The development and design of a machine is followed by the assembly and commissioning phase. Commissioning is especially time consuming, but the replacement of components or devices can be so as well.

This often raises the question of how to simplify commissioning and optimize component replacement.

The answer is provided by the IO-Link communication interface. IO-Link is the first globally standardized IO technology (IEC 61131-9) that communicates from the controller down to the lowest level.

But how exactly does this help with commissioning and component replacement? This is very simple and will be explained now. Let’s start first with the assembly, installation and commissioning phase.

Easy installation

During installation, the individual components must be electrically connected to each other. While fieldbus use has simplified the installation process, generally speaking, fieldbus cables have a low signal level, are susceptible to interference, have little flexibility, and are expensive due to their shielding. This is where IO-Link comes into play. Because the weaknesses of a fieldbus protocol are negligible with IO-Link.

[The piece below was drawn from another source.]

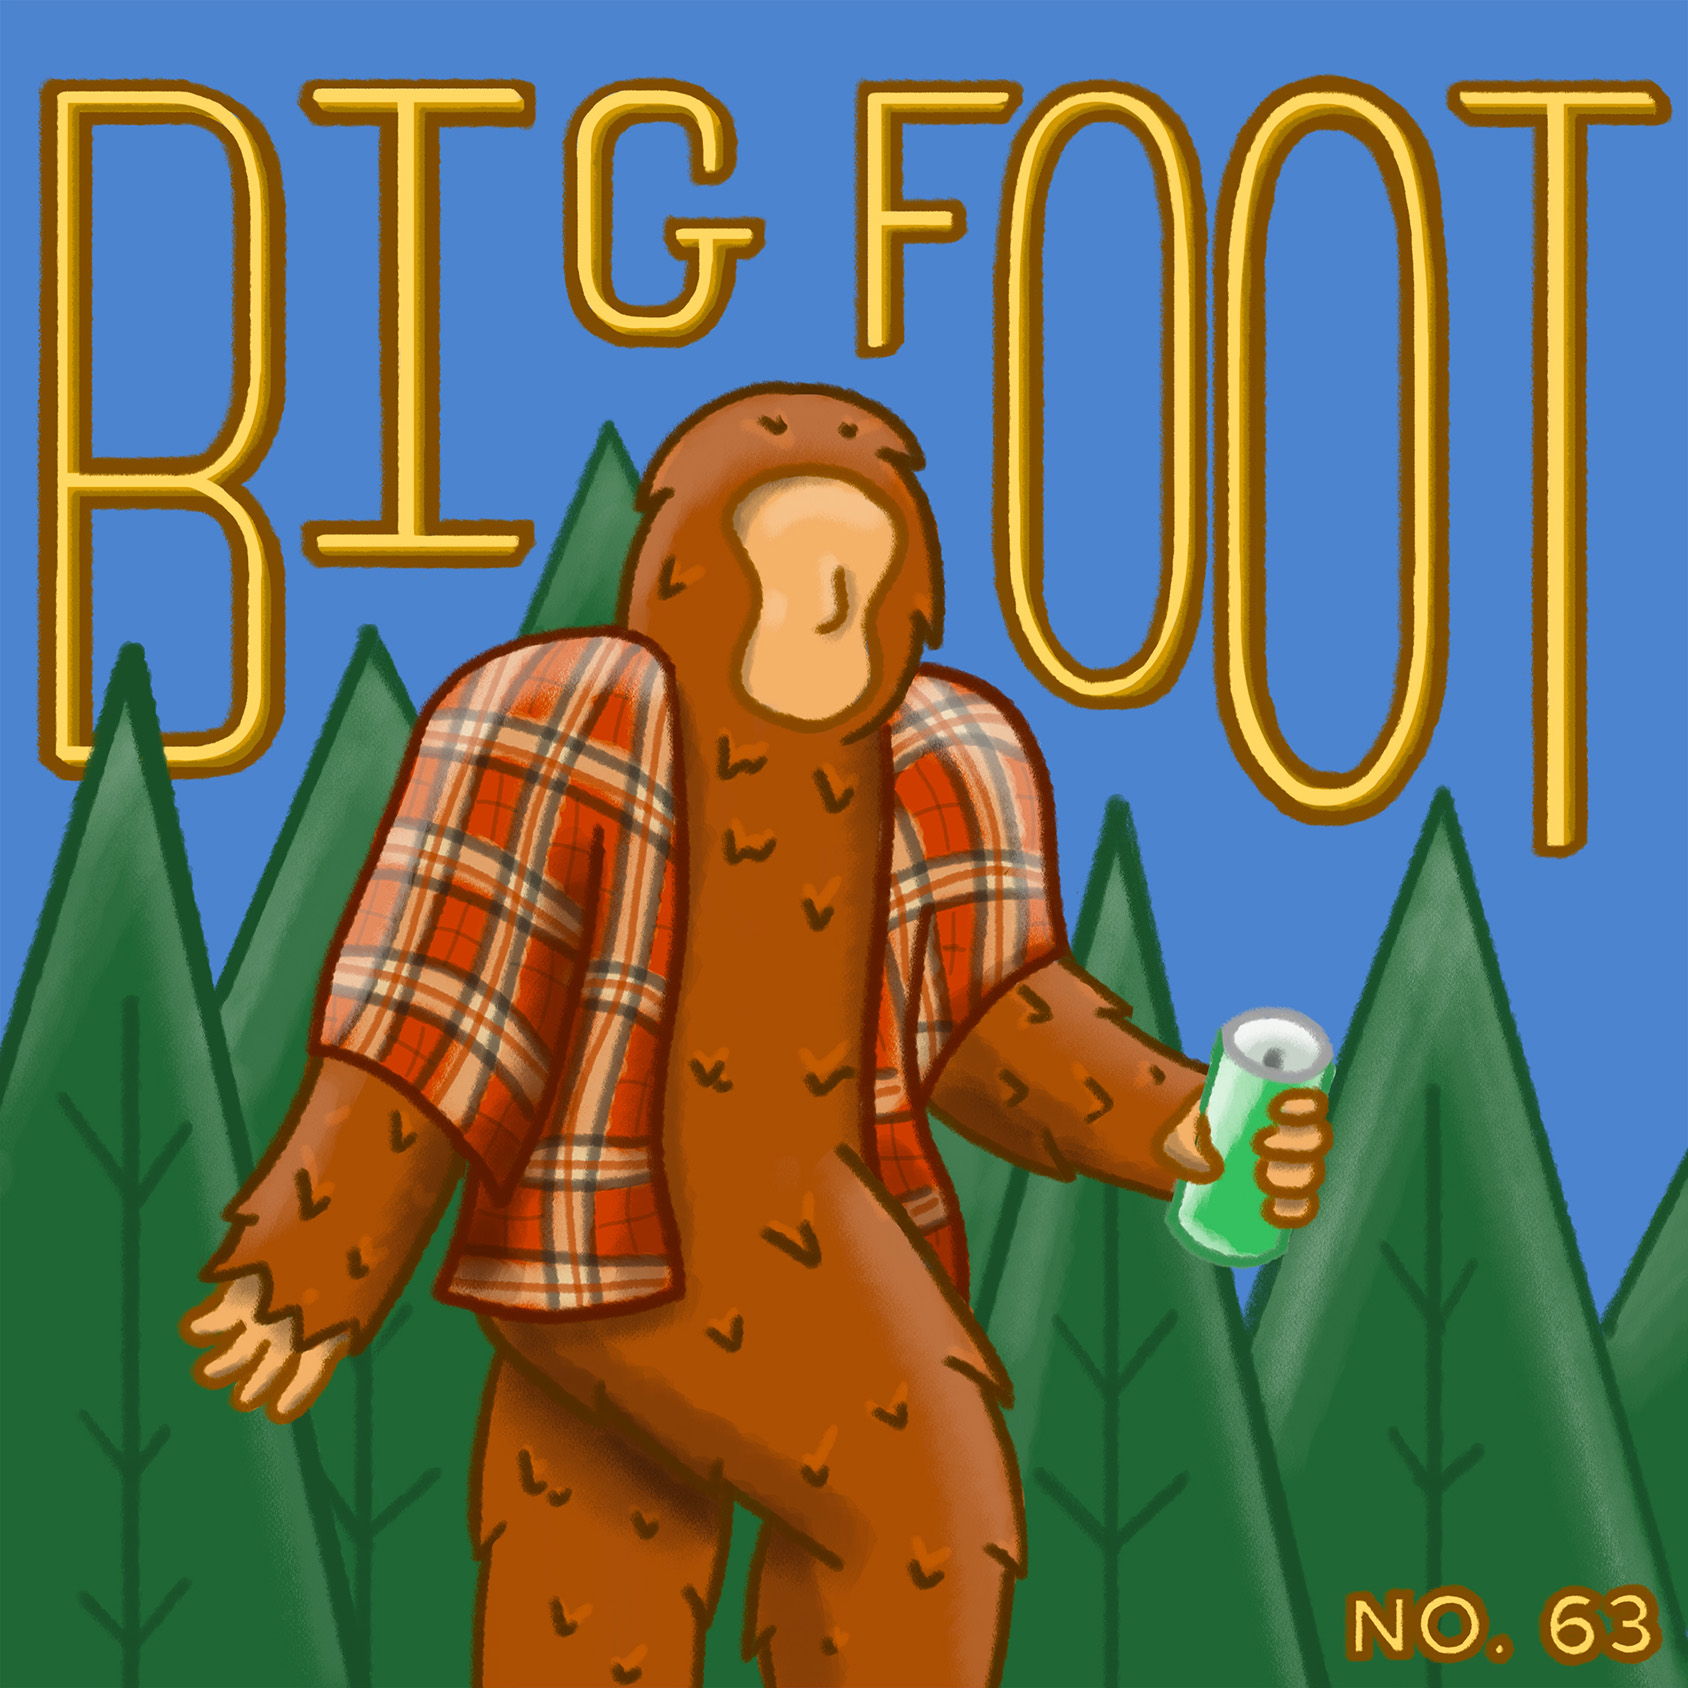 Illustration of bigfoot wearing a flannel and holding a beer can. The title of the podcast episode 'Bigfoot' is written in the background and the episode number '63' is in the bottom right.

Included in an IO-Link system are an IO-Link master and one or several IO-Link devices such as sensors or actuators. The IO-Link master is the interface to the controller (PLC) and takes over communication with connected IO-Link devices. The interface uses unshielded, three- or four-conductor standard industrial cables. Therefore the standard communication interface can be integrated into the fieldbus world without effort. Even complex components can be easily connected in this way. In addition, the standard industrial cables are highly flexible and suitable for many bending cycles. Three wires are the standard for the communication between the devices and the IO-Link master and for the power supply voltage. These are easy to connect, extremely cost-effective and their connection is standardized with M5, M8 or M12 connectors.

The commissioning will also be supported by IO-Link. The devices can be parameterized quickly and easily through parameter maintenance or duplication. Annoying manual adjustment of the sensors and actuators is no longer necessary. This saves money and avoids errors. The parameters of the individual devices are stored in the PLC or directly in the IO-Link master and can, therefore, be written directly to the sensor.

Now that we have clarified the advantages of IO-Link during commissioning, we will take a look at the replacement of components.

Communication with IO-Link

Save device replacement during operation

A sensor replacement directly leads to machine downtime. IO-Link enables quick and error-free replacement of sensors. The parameters of a replaced IO-Link sensor are automatically written from the IO-Link master or the PLC to the new sensor. The accessibility of the sensor does not play a major role anymore. In addition, IO-Link devices cannot be mixed up, since they are automatically identifiable via IO-Link.

Efficient format and recipe changes

IO-Link offers ideal properties that are predestined for format adjustment: sufficient speed, full access to all parameters, automatic configuration, and absolute transmission of the measured values. This eliminates the need for time-consuming reference runs. Since the machine control remains permanently traceable, the effort required for error-prone written paper documentation is also saved. Format changes and recipe changes can be carried out centrally via the function blocks of the PLC.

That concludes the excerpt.